Class III: Focal Proliferative Lupus Nephritis
Histology demonstrates segmental lesions involving <50% of the glomeruli, with hypercellularity and immune complex deposition in the subendothelial space and mesangium. Patients present with increasing serum creatinine, proteinuria, hematuria, low complement levels, elevated dsDNA antibody, hypertension, and lower extremity edema. Immunosuppressive treatment is required, with high-dose steroids and either mycophenolate mofetil or cyclophosphamide. Without treatment, patients will progress to Class IV lupus nephritis [5, 11].
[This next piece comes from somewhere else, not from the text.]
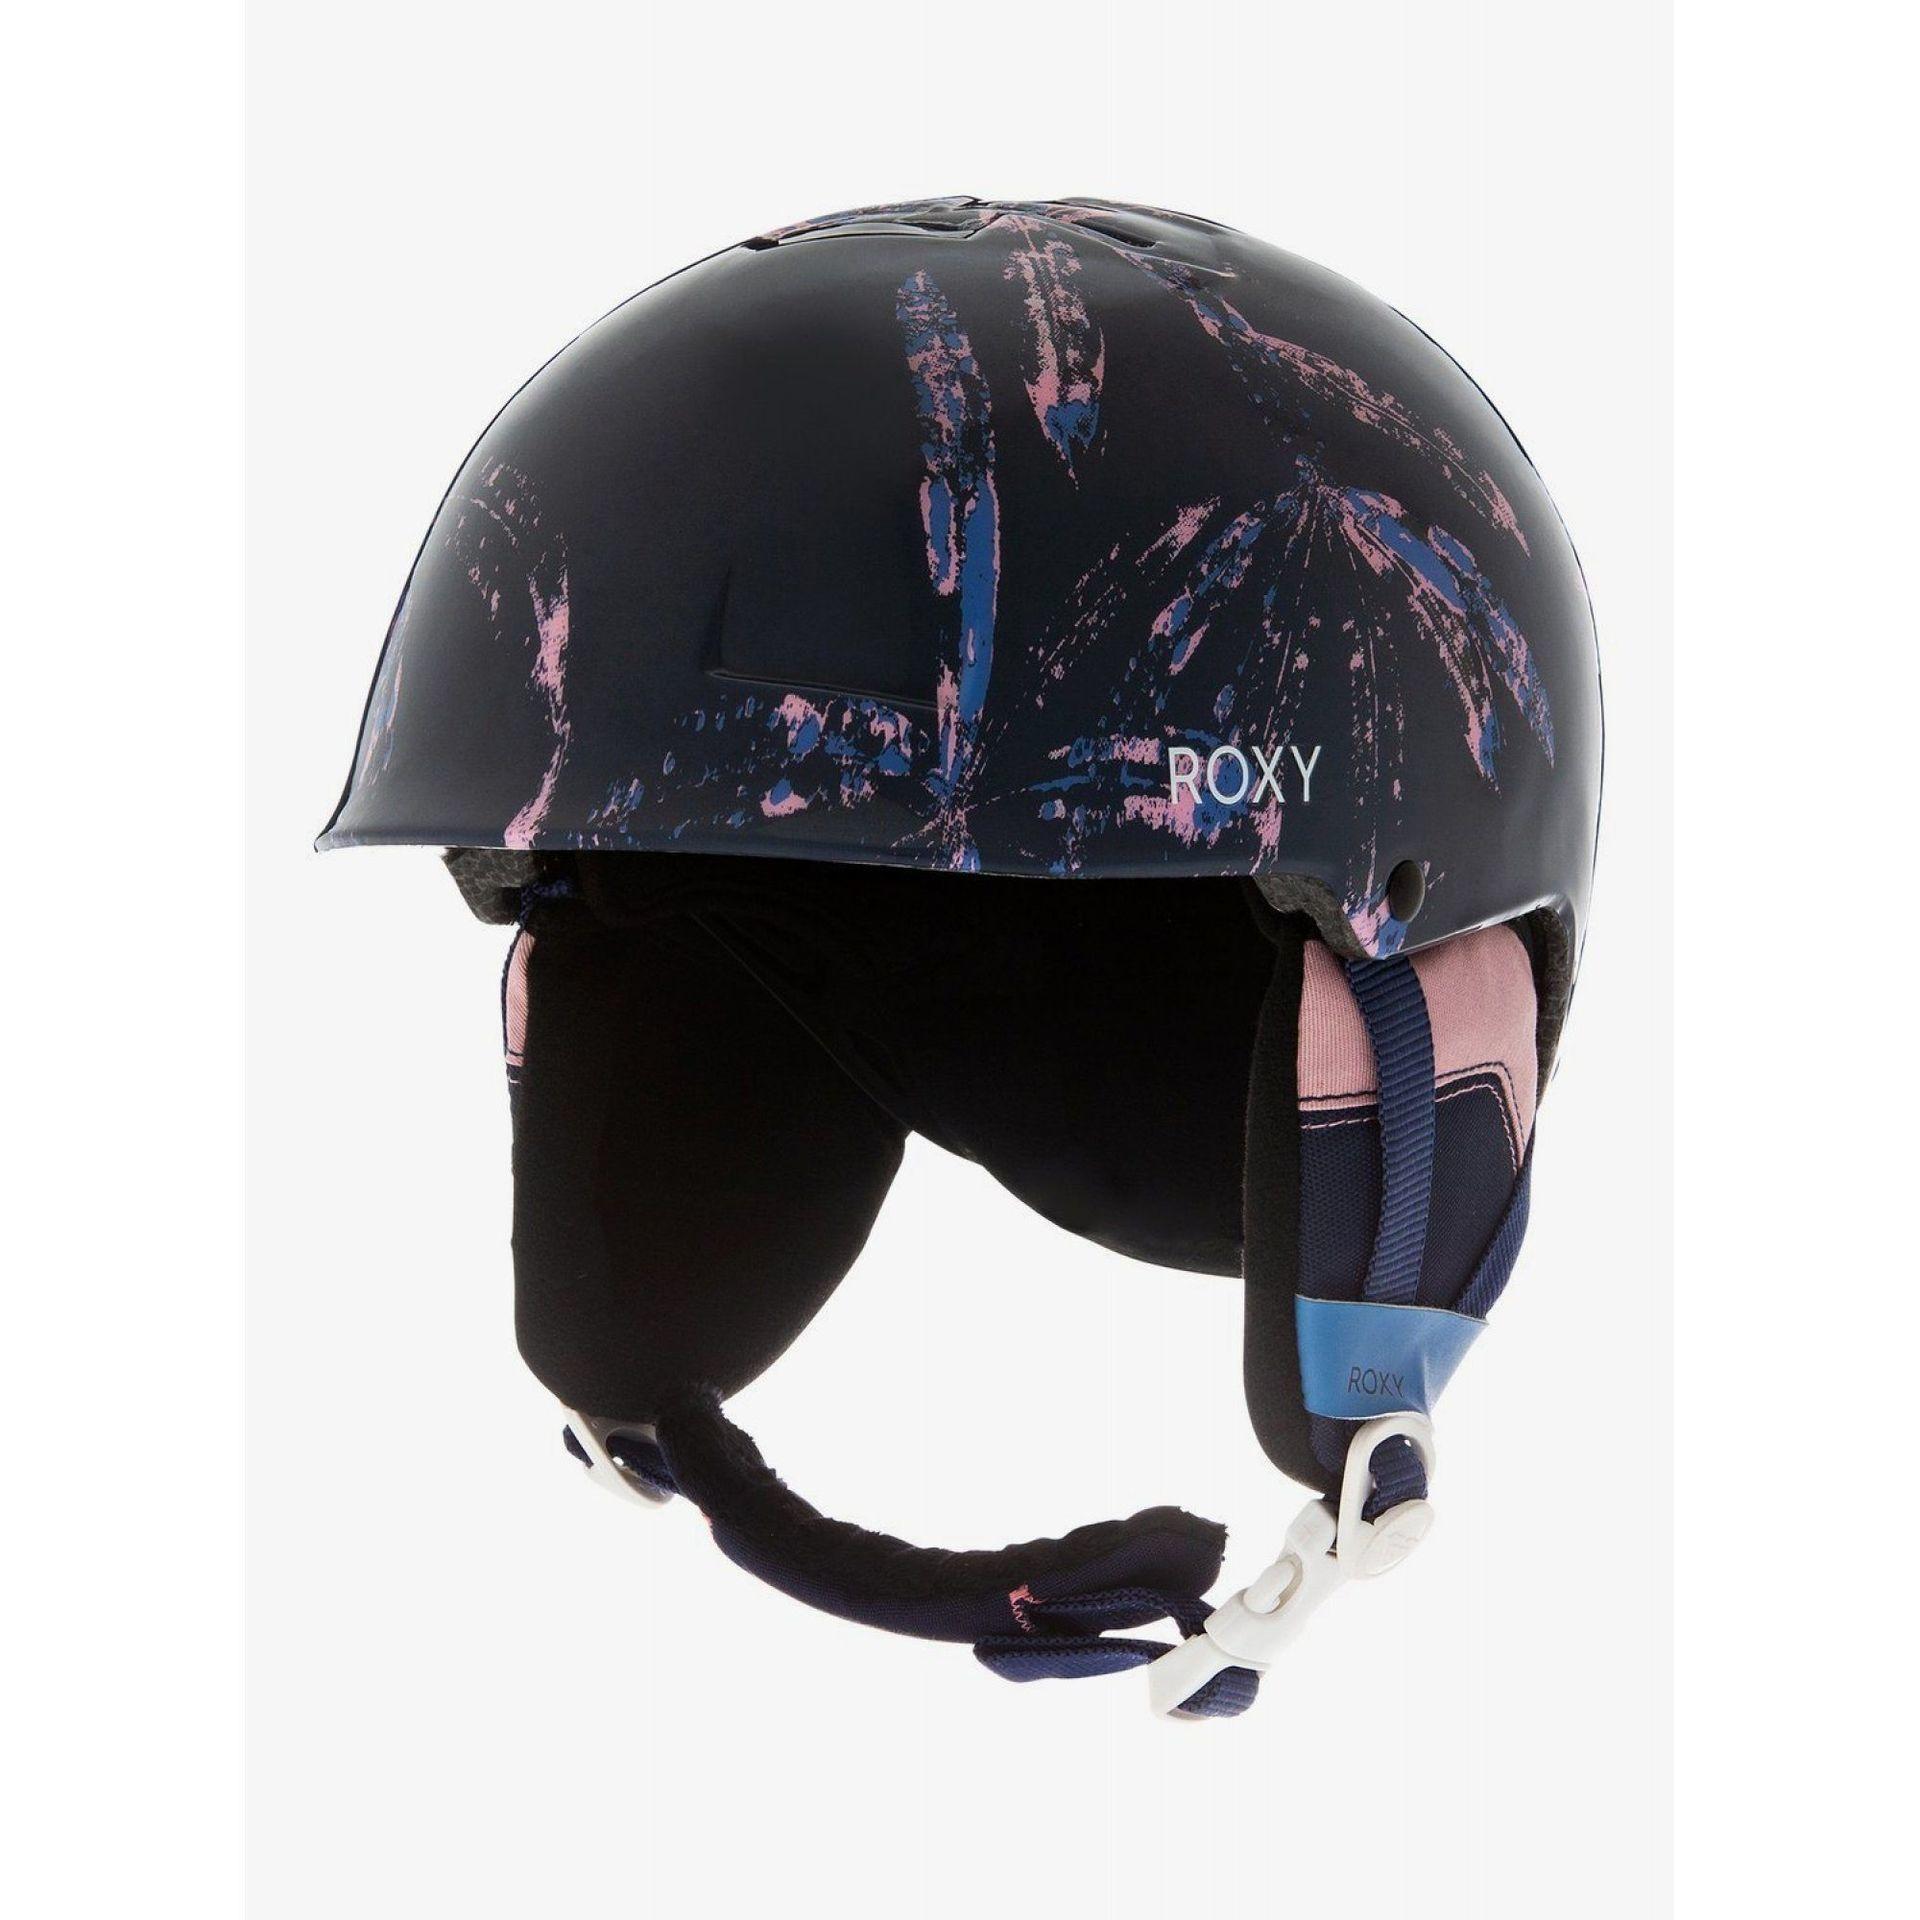 KASK ROXY HAPPYLAND ERGTL03016-BTE6 MEDIEVAL BLUE ARCTIC LEAVES

Class IV: Diffuse Proliferative Lupus Nephritis
Class IV lupus nephritis is a continuum of Class III LN that has extended to affect over 50% of the glomeruli. Class IV LN is further divided into Class IV-S and Class IV-G. Class IV-S is characterized by segmental lesions involving >50% of the glomeruli, and Class IV-G is defined by global glomerular lesions involving >50% of the glomeruli. There is also presence of basement membrane thickening, sclerosis of capillaries, as well as inflammatory infiltrate and areas of necrosis that lead to “crescent” formation. IFA microscopy reveals a “full house pattern” with IgG, IgM, IgA, C3, and C1q deposition in the subendothelial space. Patients will present similarly to Class III LN and require similar treatment [5, 11].
Class V: Membranous Lupus Nephritis
Histology will demonstrate global or segmental immune deposits in the subepithelial space. Patients usually present with significant proteinuria, minimal hematuria, and normal serum creatinine, complements, and anti-dsDNA levels. Treatment usually requires only ACE inhibitors, but may require immunosuppressants if there is extensive proteinuria [5, 11].
Class VI: Advanced Sclerosing Lupus Nephritis
Patients with sclerosis of 90% or more of their glomeruli are classified as having Class VI LN. There is no significantly active glomerular disease, and thus immunosuppression is avoided. These patients are prepared for or are undergoing renal replacement therapy [5, 11].